Он утёр заскорузлыми пальцами глаза и высморкался на пол.
— Жана пиша, што моё здоровье всего дороже. И што без мэня всем им хана буде. Если я в тюрме загнуся.
— Ну и кровососы, эти блатные, — только и нашёл я, что сказать в ответ. А Иосиф Якимович опасливо огляделся: не слышал ли ещё кто моих слов.
Побегушка
Я опять доработался до такого состояния, что еле ноги волочил. Вероятно, потому что когда я входил в азарт, то не жалел сил. А потом наступало тяжёлое похмелье изнеможения.

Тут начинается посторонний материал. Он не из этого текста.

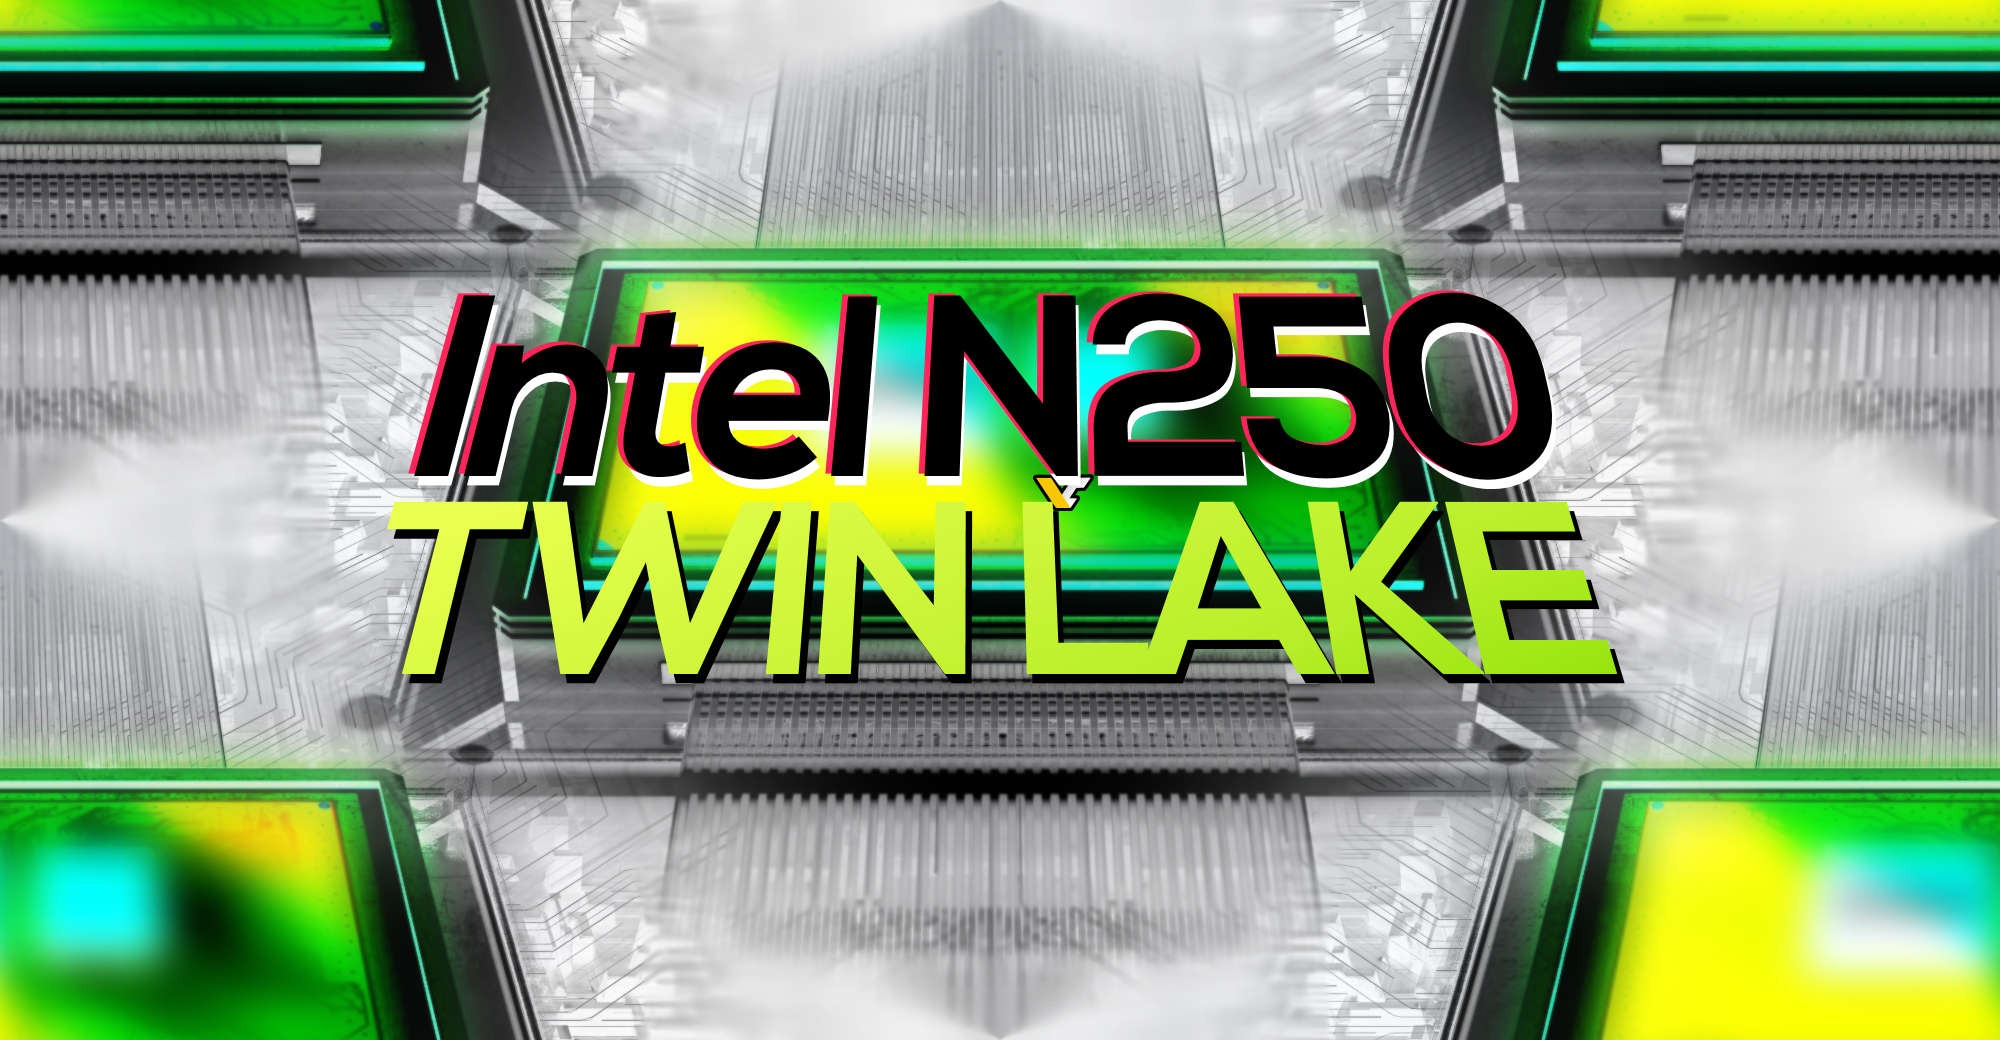 CPU Intel N250 - Một phần của dòng sản phẩm Twin Lake “Alder Lake-N Refresh” 

Впрочем, я преследовал и вполне практическую цель — зачёты. Для моих пятнадцати лет «лямки» они имели большое, вероятно даже решающее, значение. Надежда на возможное досрочное освобождение поддерживала во мне уверенность: я здесь — временно. Поэтому ещё не всё потеряно — есть реальная надежда.
Но наступил день, когда я понял, что даже норму не в силах наскрести. Тем более — на земляных работах. Поэтому путь оставался один — в МСЧ,[81] «под красный крест». Там-то я и попал к доктору Маслову. В лагере о нём распространялись самые смрадные слухи: «фашист» в плену, в немецких концлагерях, наших солдат морил, а гитлеровцев — лечил. За что и врезали ему червонец по пятьдесят восьмой, один «а», — измена Родине. Многие сожалели, что не расстреляли.
К врачу с такой «репутацией» желания попасть у меня не было. Но приём вёл именно он. Борис Алексеевич осмотрел меня и освободил от завтрашнего развода. А ещё через сутки по его настоянию меня перевели из бригады в обслугу.
Дневальство мне всегда не нравилось. К тому же — никаких зачётов. Как ни старайся. Юра Мухамадьяров (имя, фамилия подлинные) тоже дневалил.
— Сколько придуркам дал на лапу? — поинтересовался он.
— За что? — недоумевал я.
— За дневальство.
— Нисколько.
— Не темни.[82]
— Честно. Доктор Маслов устроил. Как доходягу.
— Этот на лапу не берёт. Потому что фашист. А остальные все берут. Закон жизни: есть деньги — будет всё.
Встречались мы часто — бараки рядом. И однажды Юра мне сказал:
— Знаешь, что я тебе посоветую, тёзка, брось ишачить на хозяина. Подохнешь. От работы и кони дохнут.
— Ничего, вытяну. Здоровье ещё есть, — хорохорился я. — Немного оклемаюсь и на зачёты пойду. В бригаду к Зарембе.
— А почему бы тебе не освободиться раньше?
— У меня три пятерки, а третий год всего размерял.
Юра глянул вокруг и тихо произнёс:
— Есть возможность чухнуть.[83]
— Нет, Юра. Хотя очень хочется на волю.
— Не спеши с ответом, как голый ебаться. Пошурупь. И не трепанись. А то загремим на штрафняк.[84]
Этот разговор взбудоражил меня.
Если не пристрелят и побег удастся, то всё равно я не смогу вернуться домой. К маме. Перед которой так виноват. К брату. Там, на Урале, не только мой дом, там — Мила. Смывшись из лагеря, я всего этого себя лишаю. И принуждён буду скрываться. И ждать разоблачения. Юра уверил: за деньги можно всё, что хочешь и кого угодно купить.
Но они, эти деньги, на земле не валяются… Порассуждав с самим собой, утвердился в намерении добиться свободы именно так, как решил раньше. И не провокатор ли Юра?
За ответом он явился на следующий день. Вышли к завалинке. Закурили. Воробьи пировали на ближней помойке, порхали туда-сюда через запретку. Осторожные птицы не гнездились в жилой зоне — здесь не было места, до которого не могла бы дотянуться вездесущая рука человека. Я сообщил о своём решении.
— Как знаешь, — сказал он. — Другого такого шанса может не быть, учти.
— Знаю. И всё же… нет. Я не хочу совершать преступлений. И не хочу быть зайцем. Ты меня не послушаешь. Но не делай этого. Личная просьба.